05 Dec 2025 - Lorentz Vedeler

A while ago, I watched Sebastian Lague’s YouTube channel where he made a framework for writing a chess engine and challenged his viewers to make the best chess engine they could within a maximum limit of C# tokens. Inspired by this, I ripped out the innards of my chess engine and invited all my imaginary friends to make their own implementation. Gemini, Claude, Codex, and Grok entered to make the best Slopfish version and win the Grand Slop Chess Tournament 🏆. I decided to not put any other constraints other than that the whole engine must be written in one go, my assumption being that more features and more code would also mean more bugs.
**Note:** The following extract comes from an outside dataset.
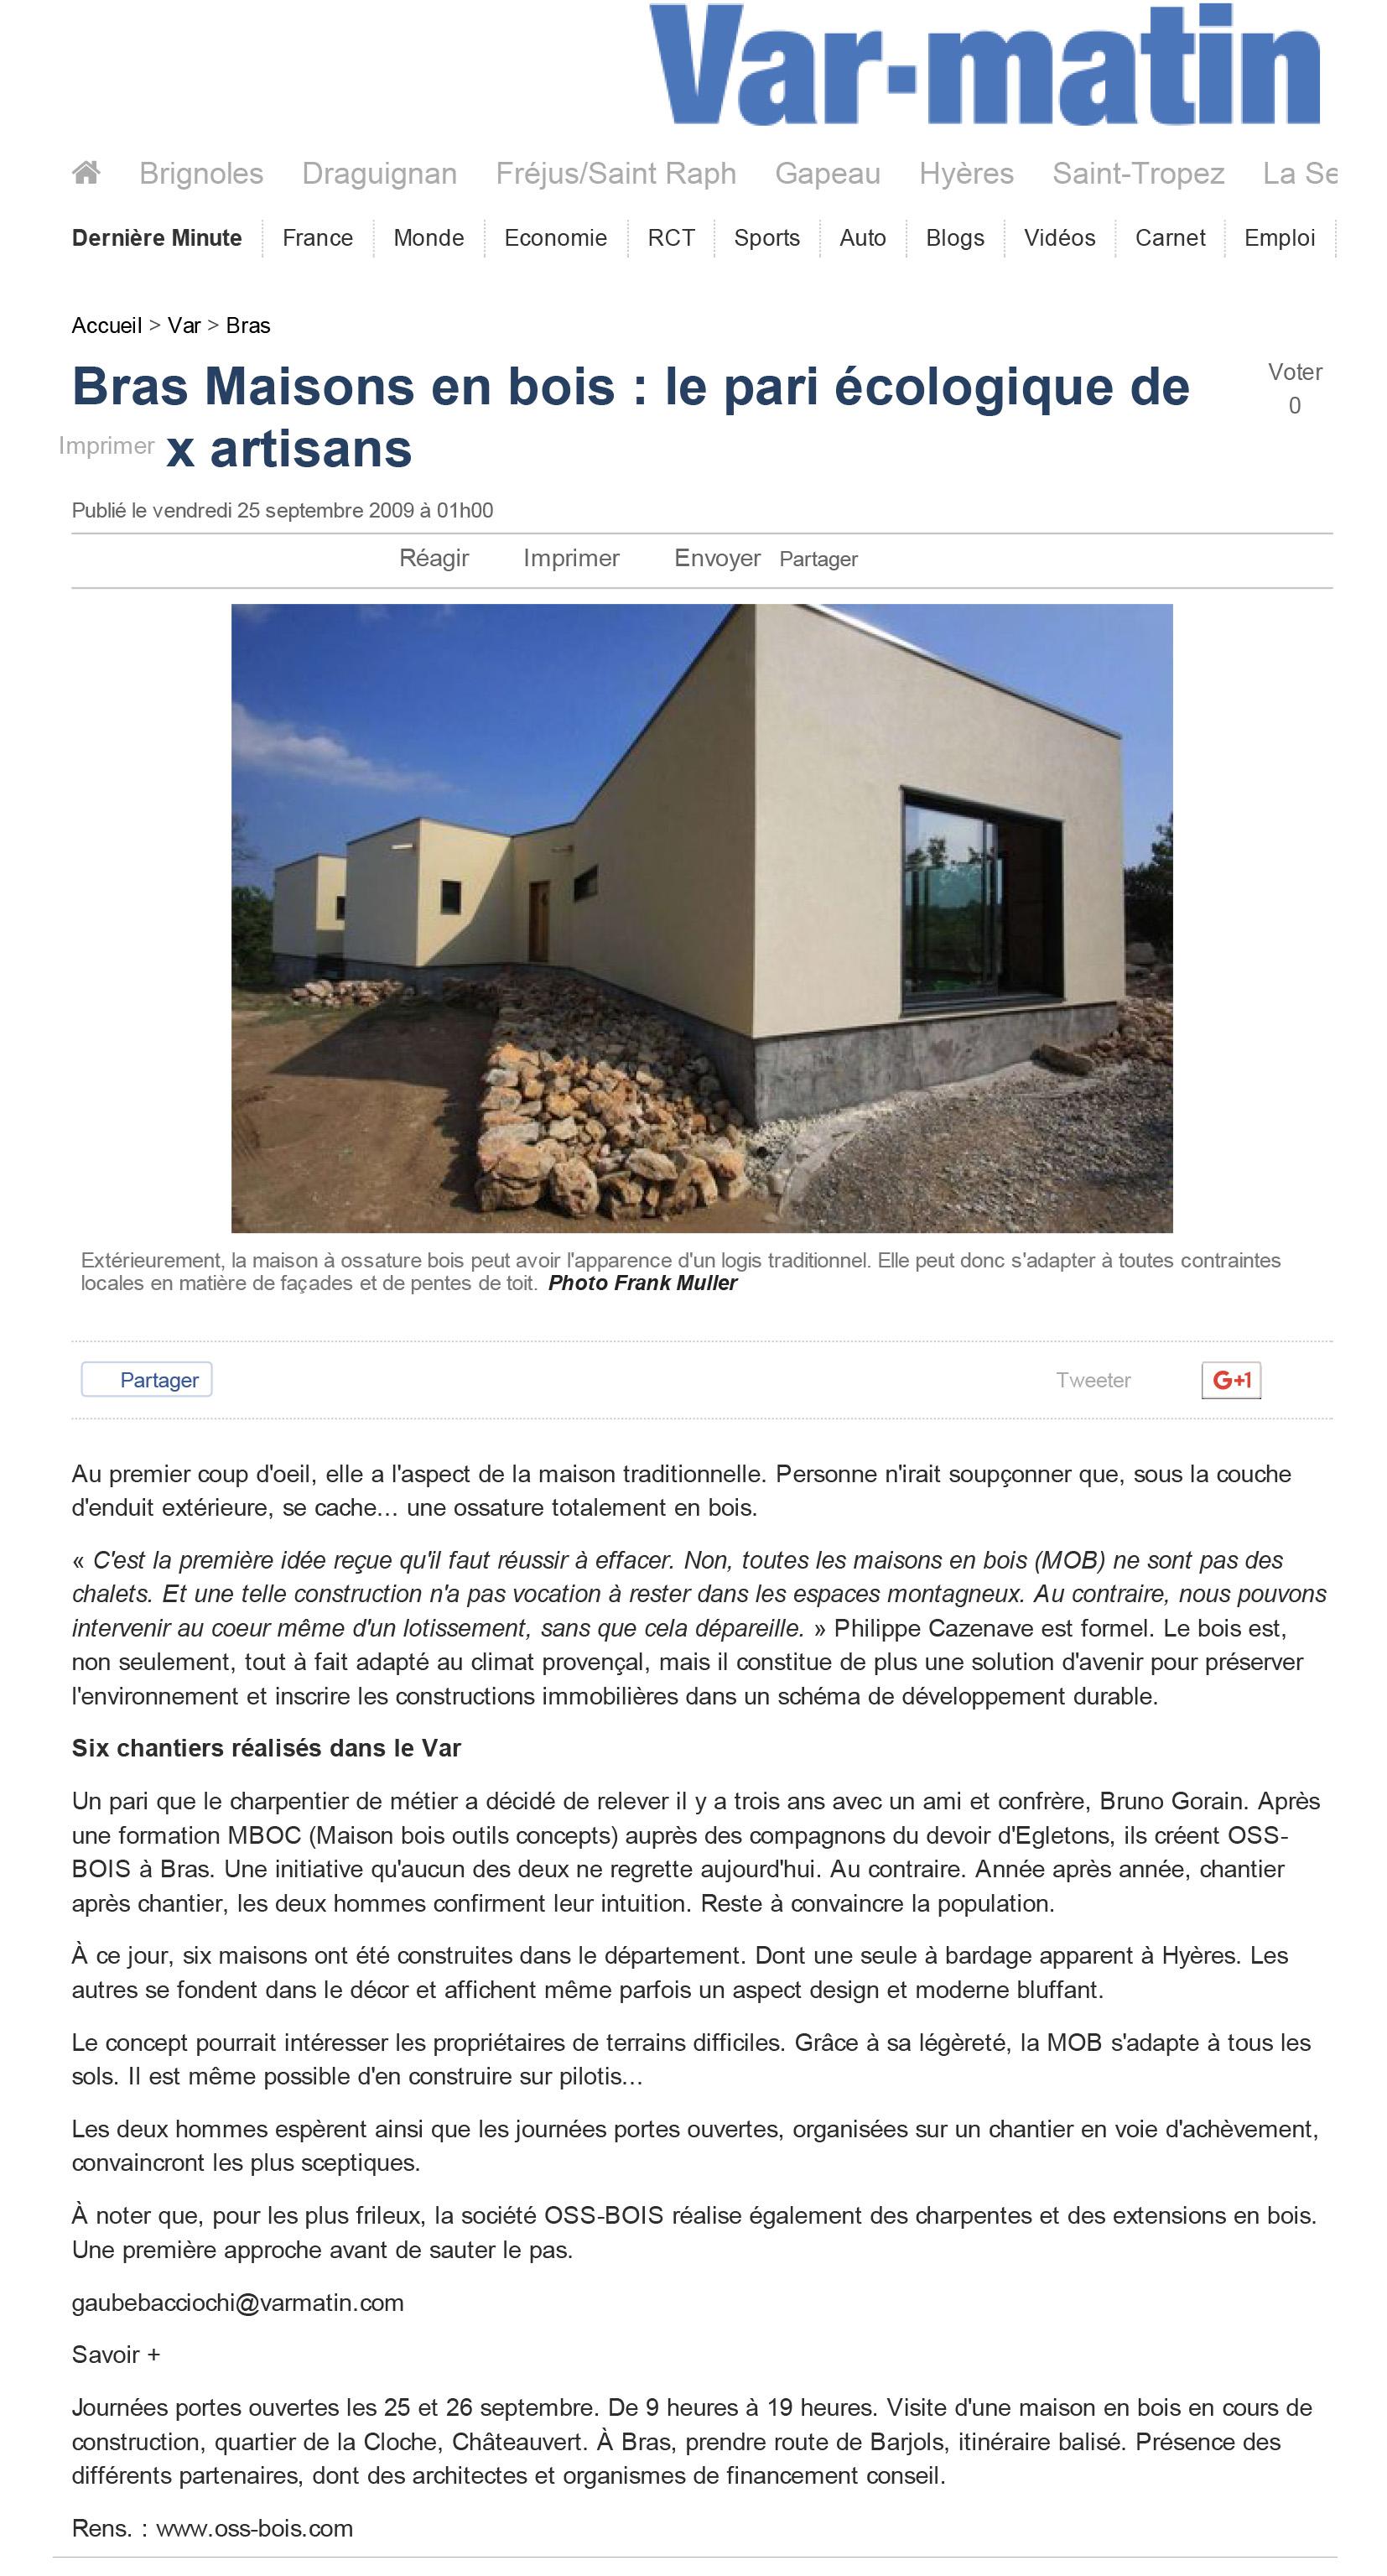 Bras Maisons en bois _ le pari écologique de deux artisans _ Bras _ Var-Matin 3
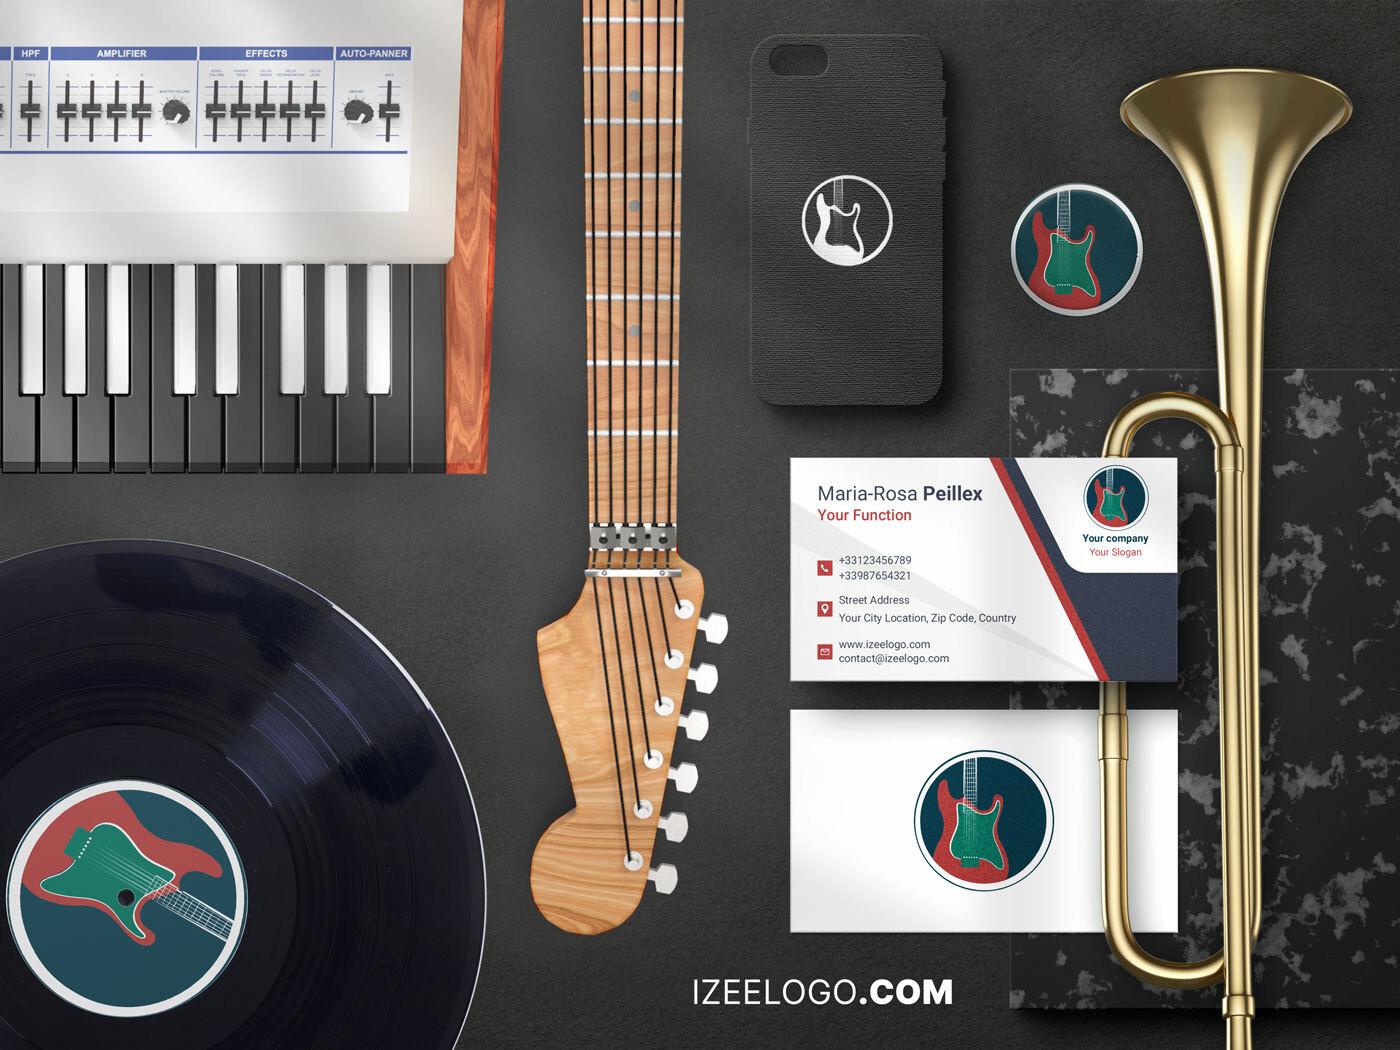 Diseño de mockup: crear una maqueta de logo de música para tarjeta de presentación.

The Grand Slop Chess Tournament

Warmup round

At first, I had forgotten to remove some tests referring to the removed search function, causing a build failure in the test project. I can only assume Gemini has never experienced such a failure in its corpus of Google’s divine code, and hence was completely derailed by experiencing this subpar engineering for the first time. It did eventually spit out an implementation which threw away all of its pieces as soon as it got the chance.

Claude Sonnet was seemingly unaffected by my test project blunder — it didn’t need to run any tests. Claude blasted out a chess search function with a number of advanced pruning techniques in a couple of seconds. When I tested it on my list of test positions, it found the best move in 9/14 positions, an incredibly strong result for an engine that does not have a lot of work behind it. These positions are hard to solve for computers because they often require a string of sacrifices in an already winning position. Even Stockfish at depth 25 fails to find the correct moves for all of the positions. It seemed like the tournament was all but decided before it began. Imagine my surprise when I saw the bot in action, losing all of its pieces immediately. It turns out that my position check should really check the whole line, not just the first move — Claude’s engine was just very happy to sacrifice its most valuable pieces for no reason.

Codex on the other hand, managed to reimplement all the missing classes and actually make a bot that played at least a few chess moves that did not instantly lose the game. Kudos to Codex. It won the warmup round on walkover.

Round one

I decided to cleanup my mess and let Gemini and Claude try again from scratch. I also let Grok test its ability with an implementation using Cline’s agent mode. I let Codex submit its engine again, since it had actually produced something in the warmup round—perhaps giving it an unfair disadvantage. I may have to let it try again and run another round.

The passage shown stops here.